Problem Definition: Insurance Support Ticket Classifier

Note: The problem definition, data, and labels used in this example were synthetically generated by Claude 3 Opus

In the insurance industry, customer support plays a crucial role in ensuring client satisfaction and retention. Insurance companies receive a high volume of support tickets daily, covering a wide range of topics such as billing, policy administration, claims assistance, and more. Manually categorizing these tickets can be time-consuming and inefficient, leading to longer response times and potentially impacting customer experience.

Category Definitions

  1. Billing Inquiries
  • Questions about invoices, charges, fees, and premiums
  • Requests for clarification on billing statements
  • Inquiries about payment methods and due dates
  1. Policy Administration
  • Requests for policy changes, updates, or cancellations
  • Questions about policy renewals and reinstatements
  • Inquiries about adding or removing coverage options
  1. Claims Assistance
  • Questions about the claims process and filing procedures
  • Requests for help with submitting claim documentation
  • Inquiries about claim status and payout timelines
  1. Coverage Explanations
  • Questions about what is covered under specific policy types
  • Requests for clarification on coverage limits and exclusions
  • Inquiries about deductibles and out-of-pocket expenses
  1. Quotes and Proposals
  • Requests for new policy quotes and price comparisons
  • Questions about available discounts and bundling options
  • Inquiries about switching from another insurer
  1. Account Management
  • Requests for login credentials or password resets
  • Questions about online account features and functionality
  • Inquiries about updating contact or personal information
  1. Billing Disputes
  • Complaints about unexpected or incorrect charges
  • Requests for refunds or premium adjustments
  • Inquiries about late fees or collection notices
  1. Claims Disputes
  • Complaints about denied or underpaid claims
  • Requests for reconsideration of claim decisions
  • Inquiries about appealing a claim outcome
  1. Policy Comparisons
  • Questions about the differences between policy options
  • Requests for help deciding between coverage levels
  • Inquiries about how policies compare to competitors' offerings
  1. General Inquiries
  • Questions about company contact information or hours of operation
  • Requests for general information about products or services
  • Inquiries that don't fit neatly into other categories

Loading and Preparing the Data

Now that we've defined our problem and categories, let's load the labeled training and test data.
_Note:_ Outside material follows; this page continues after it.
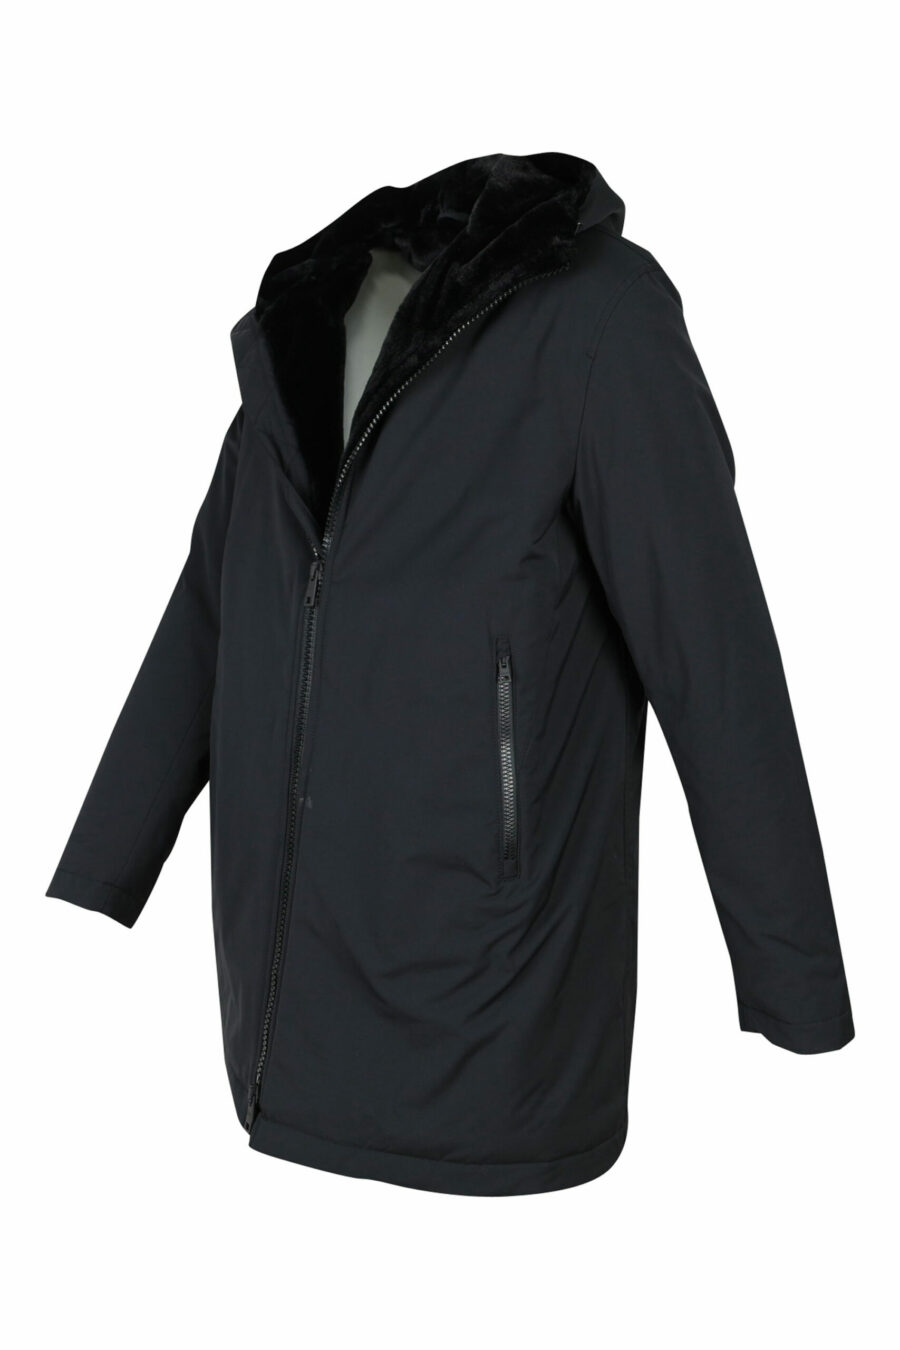 Black parka with hood and synthetic lining - 8055721650272 1 scaled

We'll read the TSV files, convert them into a structured format, and prepare our test set for evaluation.

The training data contains 68 labeled examples that we'll use for retrieval-augmented generation (RAG) later. The test set also contains 68 examples that we'll use to evaluate our classification approaches.

We will use the following datasets:

  • ./data/test.tsv
  • ./data/train.tsv
python
import pandas as pd
 
data = {
    "train": [],
    "test": [],
}
 
 
# Helper function to convert a DataFrame to a list of dictionaries
def dataframe_to_dict_list(df):
    return df.apply(lambda x: {"text": x["text"], "label": x["label"]}, axis=1).tolist()
 
 
# Read the TSV file into a DataFrame
test_df = pd.read_csv("./data/test.tsv", sep="\t")
data["test"] = dataframe_to_dict_list(test_df)
 
train_df = pd.read_csv("./data/train.tsv", sep="\t")
data["train"] = dataframe_to_dict_list(train_df)
 
 
# Understand the labels in the dataset
labels = list(set(train_df["label"].unique()))
 
# Print the first training example and the number of training examples
print(data["train"][0], len(data["train"]))
 
# Create the test set
X_test = [example["text"] for example in data["test"]]
y_test = [example["label"] for example in data["test"]]
 
# Print the length of the test set
print(len(X_test), len(y_test))
{'text': 'I just got my auto policy renewal bill and the cost seems to be more than what I usually pay. Could you explain the reason for the increase?', 'label': 'Billing Inquiries'} 68
68 68

Evaluation Framework

Before we build our classifiers, let's set up an evaluation framework to measure their performance. We'll create two key functions:

  1. evaluate(X, y, classifier, batch_size): Runs your classifier on all test examples using concurrent execution for speed, then calculates accuracy metrics and generates a confusion matrix. The batch_size parameter controls how many concurrent API requests to make.

  2. plot_confusion_matrix(cm, labels): Visualizes the confusion matrix to show which categories are being confused with each other, helping identify where the classifier struggles.

This framework allows us to empirically compare different classification approaches and understand not just overall accuracy, but which specific categories are challenging.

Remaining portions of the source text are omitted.